* **Recorded information**:
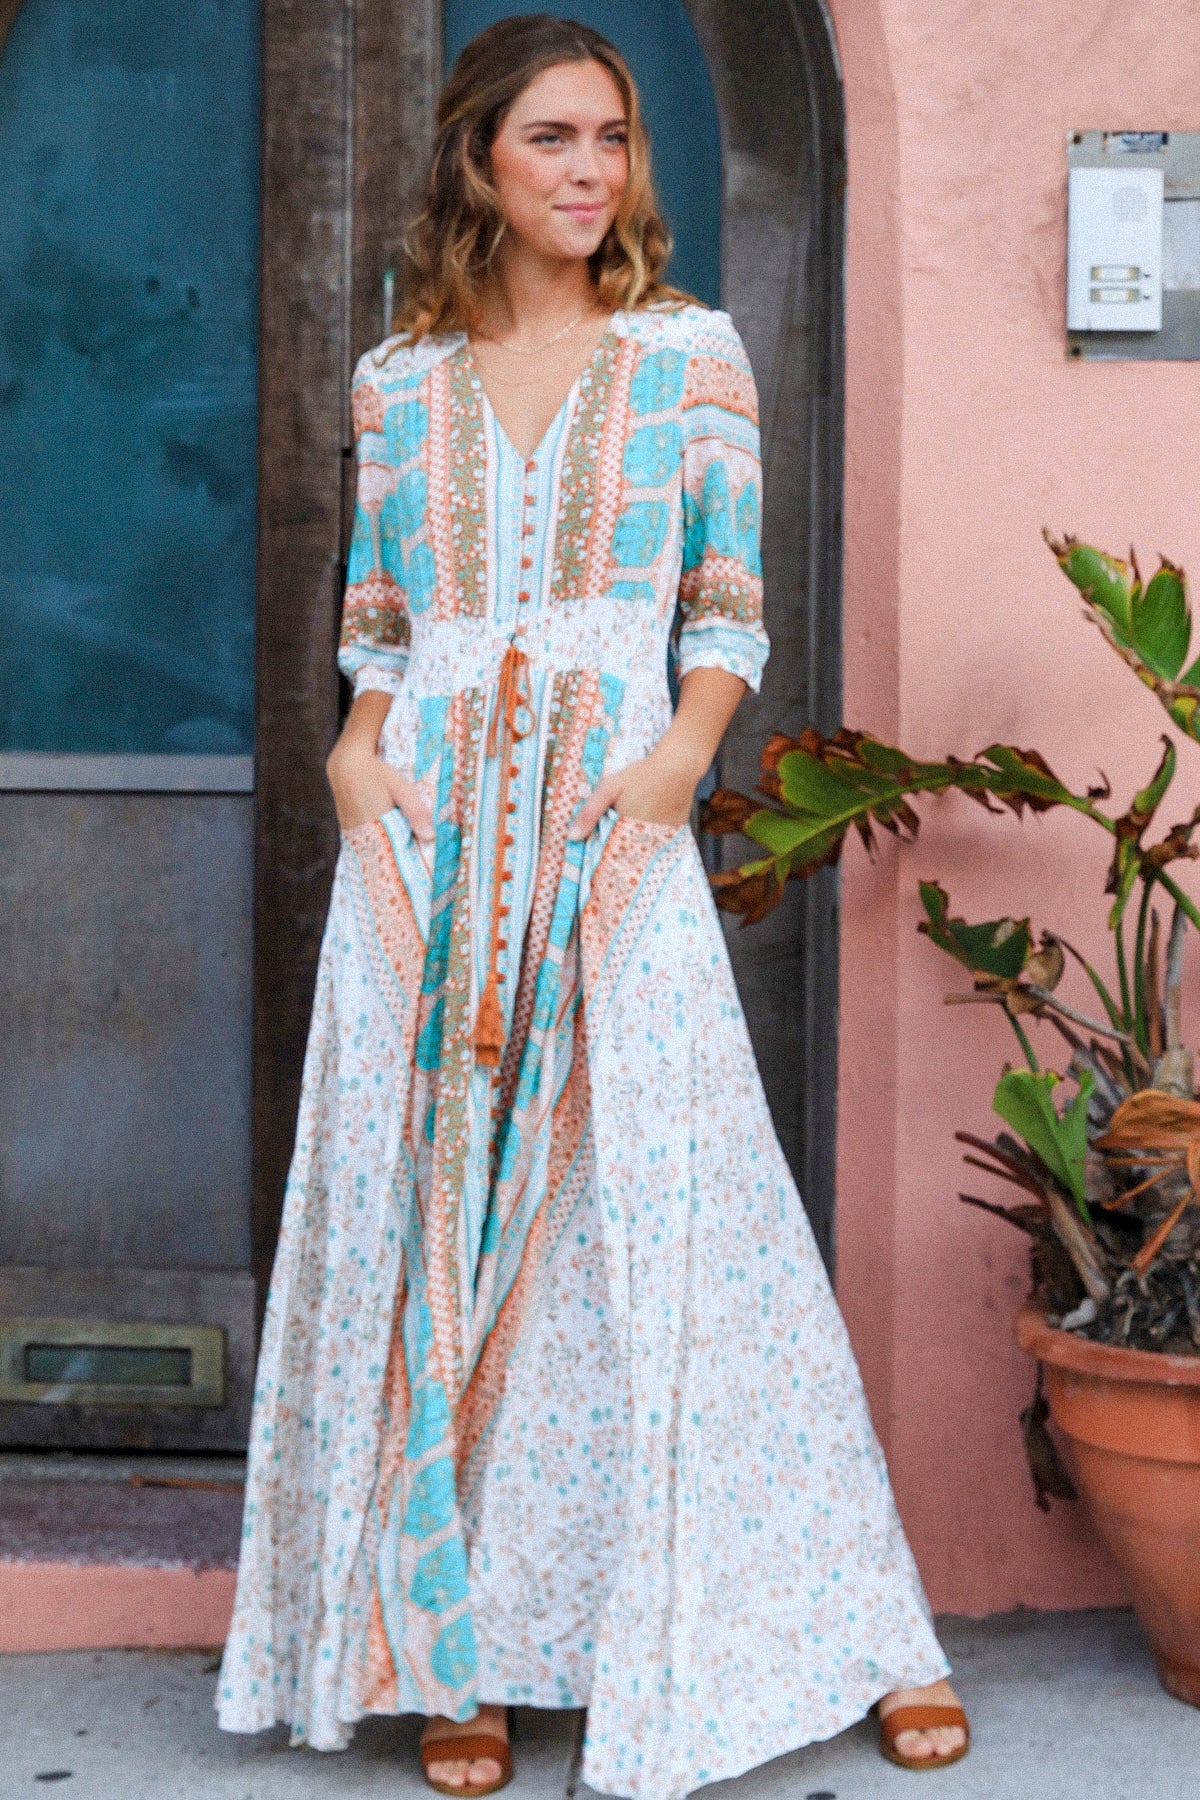 Bailey Maxi Boho Dress: 
Last years bestseller is BACK. The Bailey Dress sold out time and time again and who can blame it?
The Bailey Maxi Dress has a mix of soft blues and browns in a gor - Ciao Bella Dresses

* **Instructions to follow**: Leave out the pictures and repeat the remaining data exactly.

* **Output for this exercise**:
 Bailey Maxi Boho Dress: 
Last years bestseller is BACK. The Bailey Dress sold out time and time again and who can blame it?
The Bailey Maxi Dress has a mix of soft blues and browns in a gor - Ciao Bella Dresses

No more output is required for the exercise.